Когда церемония завершилась, миссис Блумфилд увела меня в гостиную и послала за детьми.
— Вы, вероятно, найдете их знания несколько недостаточными, — сказала она. — Но у меня почти нет времени самой заниматься с ними, а для гувернантки они были, по нашему мнению, еще малы. Однако, мне кажется, они умны и очень понятливы, особенно мальчик. Право же, он украшение любой детской — благородный, с возвышенной душой. Им следует руководить, но не командовать. Нет, он просто удивителен! Всегда говорит правду и презирает всякий обман. («Прекрасно!» — подумала я.) Его сестра, Мэри Энн, — продолжала миссис Блумфилд, — требует внимательного наблюдения, но тоже очень хорошая девочка. Только я желала бы, чтобы она как можно реже бывала в детской. Ей ведь уже почти шесть лет, и она может перенять у няньки дурные привычки. Я распорядилась, чтобы ее кроватку поставили к вам в комнату, и, если вы будете столь любезны, что сами станете следить за ее умыванием, одеванием и одеждой, она обойдется совсем без няньки.

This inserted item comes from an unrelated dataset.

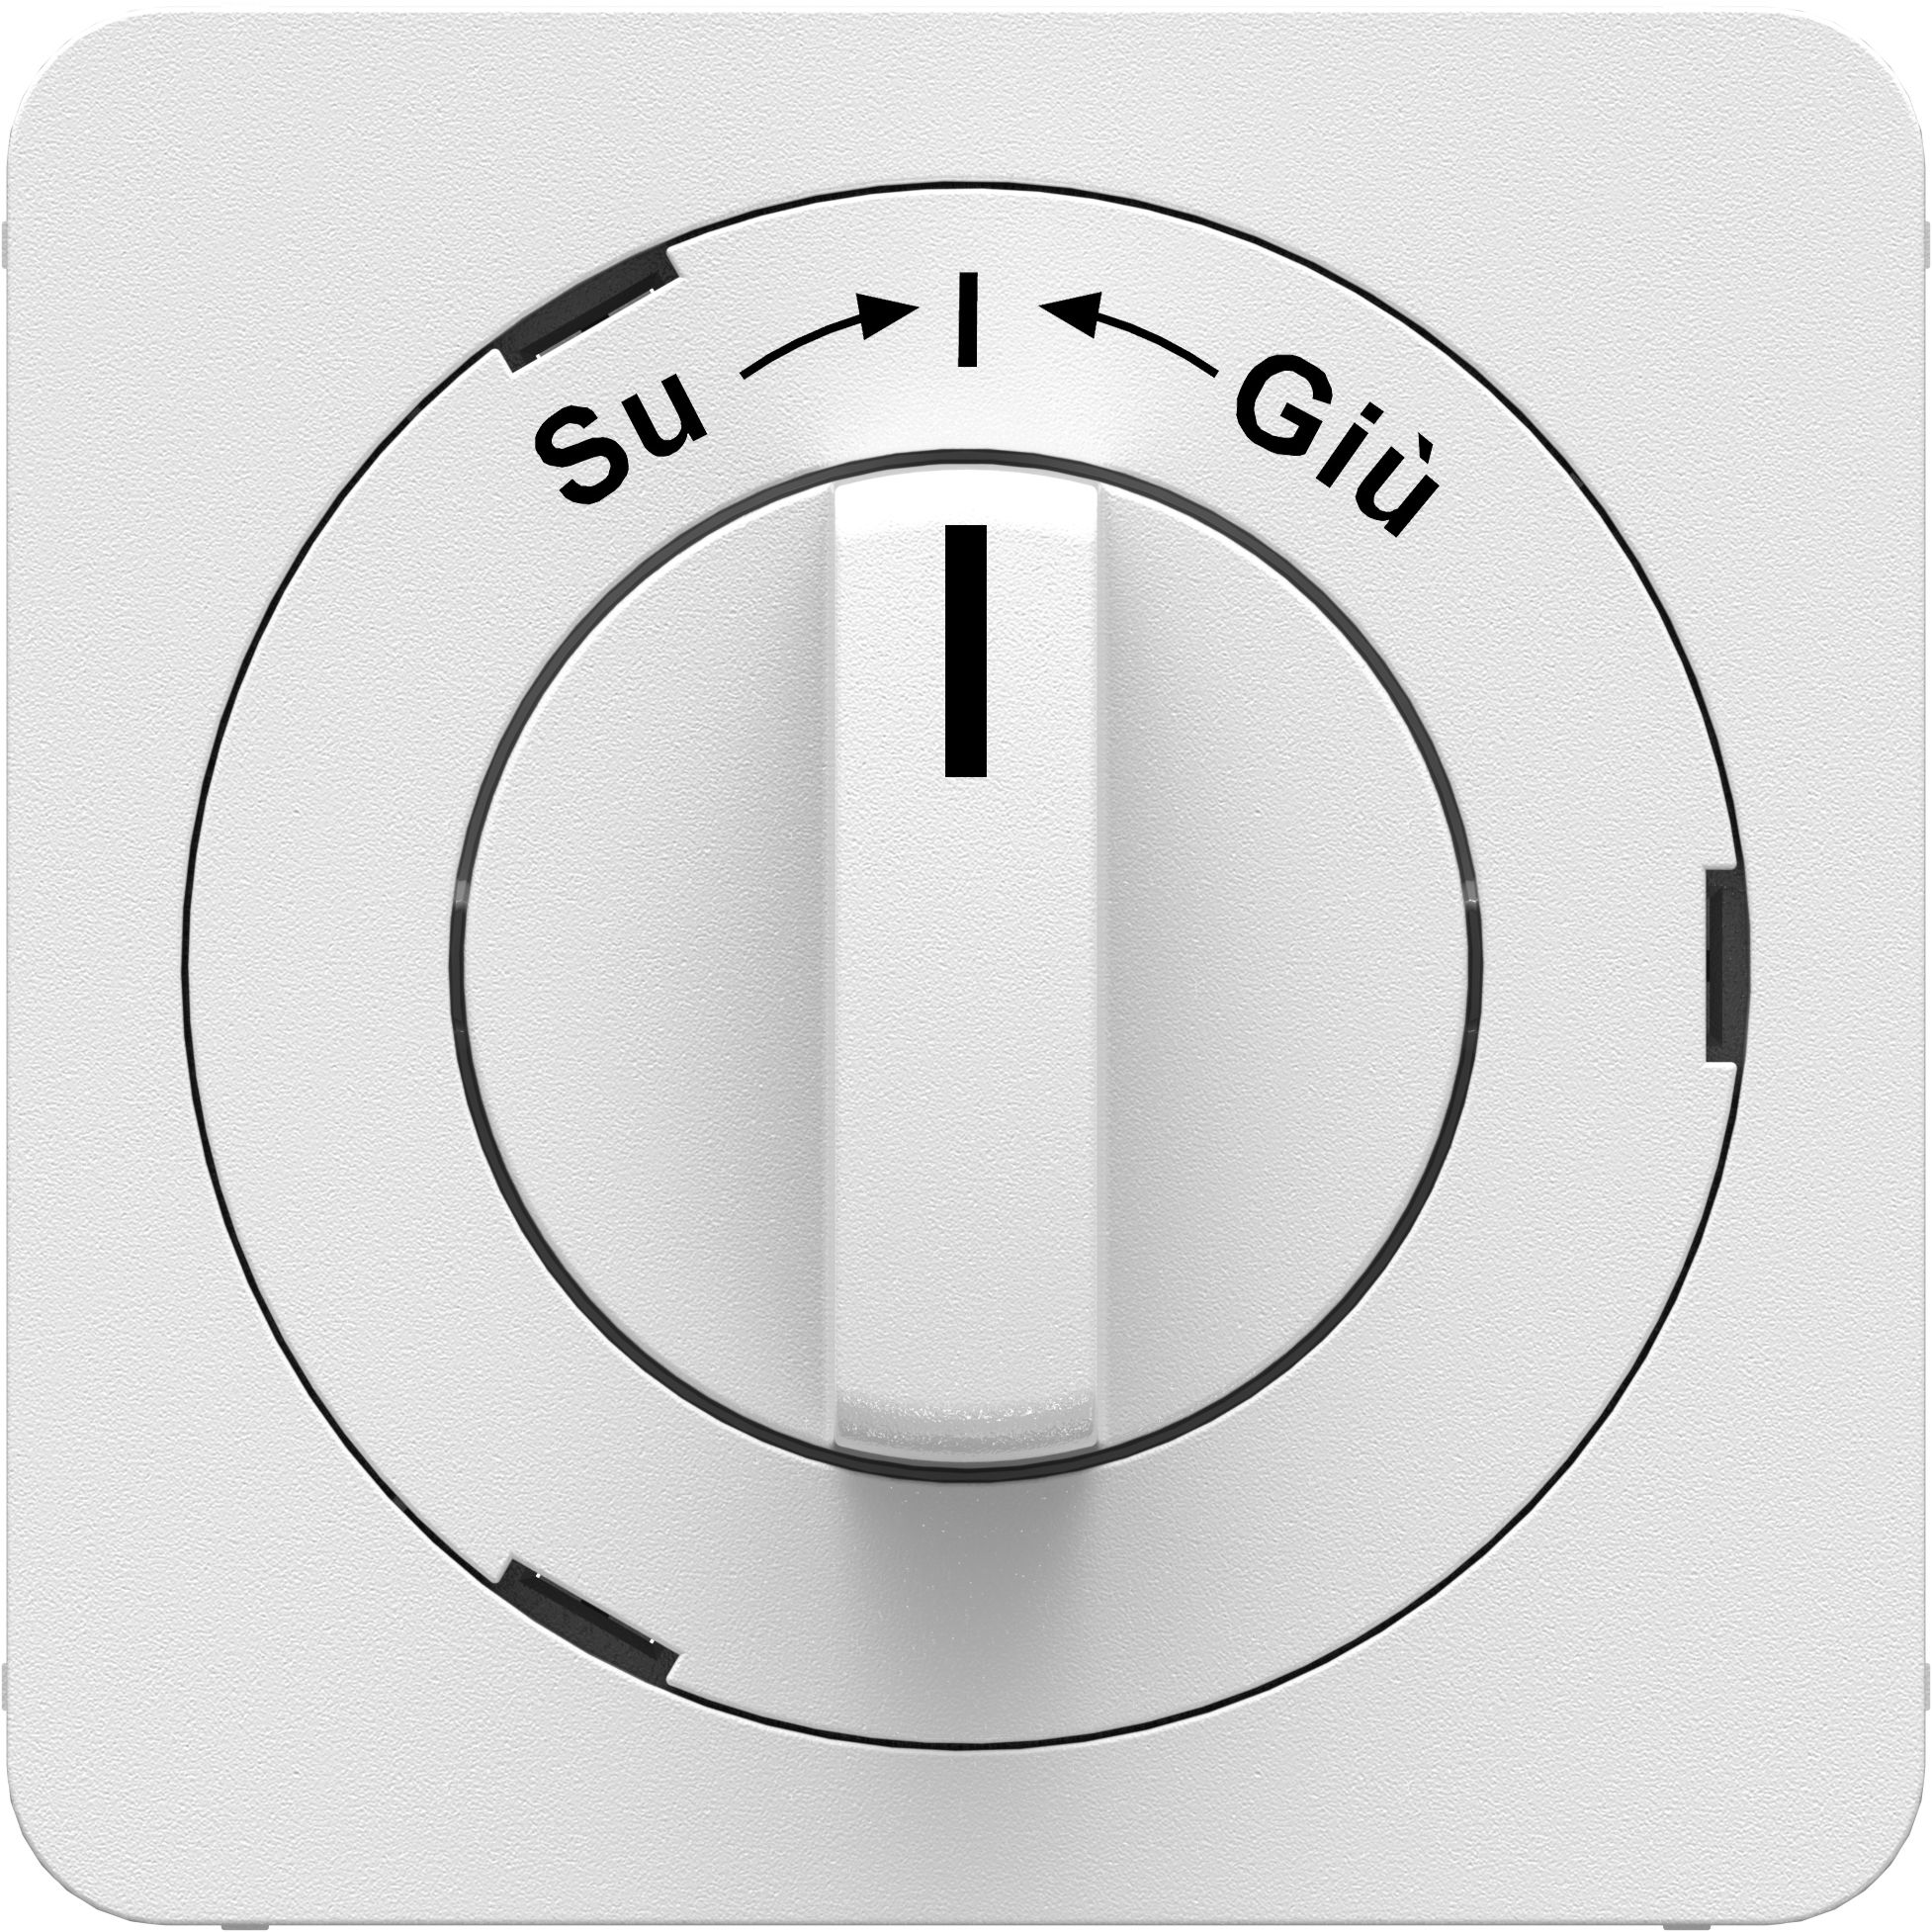 Front plates for turnable switch Su --> I <-- Giù white

Я ответила, что с удовольствием возьму все это на себя, и тут в комнату вошли мои ученики в сопровождении младших сестричек. Мастер Том Блумфилд оказался рослым семилетним крепышом с льняными волосами, голубыми глазами, курносым носом и розовыми щеками. Мэри Энн тоже отличалась высоким для своего возраста ростом. Она унаследовала темные волосы матери, но лицо у нее было круглым и румяным. Фанни, ее младшая сестра, показалась мне очень хорошенькой. Миссис Блумфилд объяснила, что она очень кроткий ребенок и нуждается в ободрении. Она еще ничему не училась, но на днях ей исполняется четыре года, и тогда ей придет пора браться за азбуку и заниматься в классной комнате. Самая младшая, Харриет, толстенькая, веселая, ласковая двухлетняя крошка, обворожила меня больше остальных — но она оставалась на попечении няни.

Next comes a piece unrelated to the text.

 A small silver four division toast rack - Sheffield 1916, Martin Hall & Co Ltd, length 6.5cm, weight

Я заговорила с моими маленькими учениками как могла приветливее и попыталась им понравиться, но, боюсь, без особого успеха, так как присутствие их маменьки очень меня стесняло. Они же, напротив, были на удивление лишены застенчивости и казались бойкими, живыми детьми. Я от души надеялась, что скоро завоюю их симпатии — особенно мальчика, которого мать представила в таком привлекательном свете. В Мэри Энн я с сожалением заметила неприятное кокетство, желание привлекать к себе внимание. Но мной всецело завладел ее брат. Заложив руки за спину, он стоял между мной и огнем и рассуждал, как заправский оратор, иногда отвлекаясь от темы, чтобы прикрикнуть на сестер, если они пытались его перебить.

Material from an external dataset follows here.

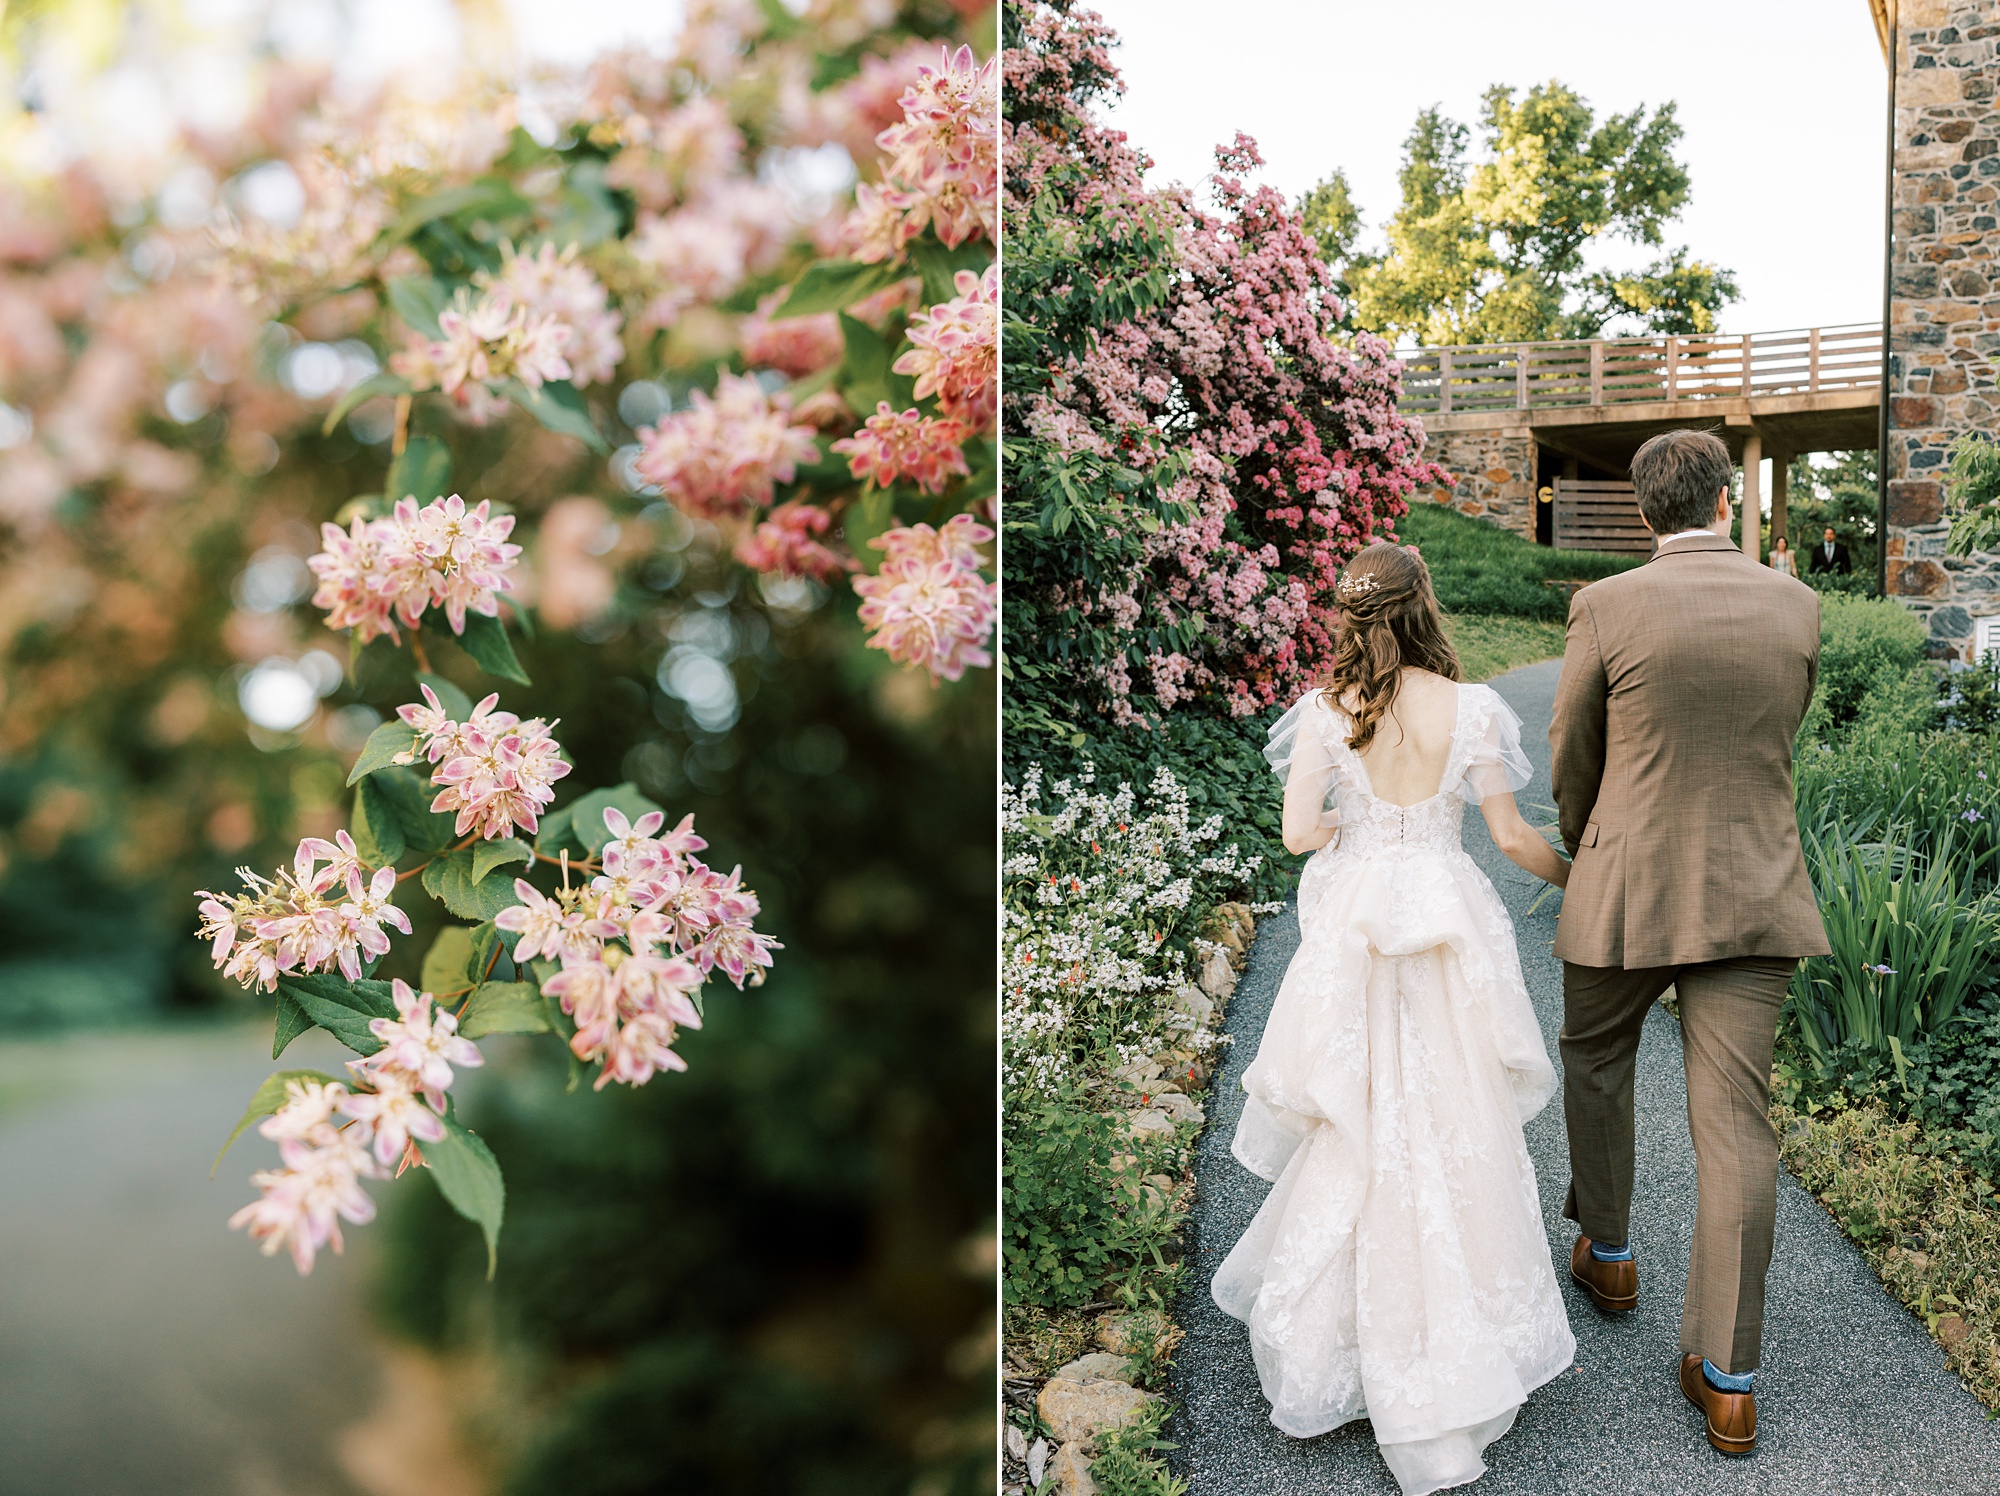 newlyweds walk in gardens by pink bushes

— Ах, Том, душечка! — воскликнула его маменька. — Подойди, поцелуй мамочку, а потом, не хочешь ли ты показать мисс Грей свою классную комнату и свои хорошенькие новые книжки?
— Целовать тебя, мама, я не хочу, но я покажу мисс Грей мою классную комнату и мои новые книжки.
— И мою классную комнату, и мои новые книжки, Том, — вмешалась Мэри Энн. — Они тоже мои, мои!
— Нет, мои, — ответил он решительно. — Идемте, мисс Грей. Я вас провожу.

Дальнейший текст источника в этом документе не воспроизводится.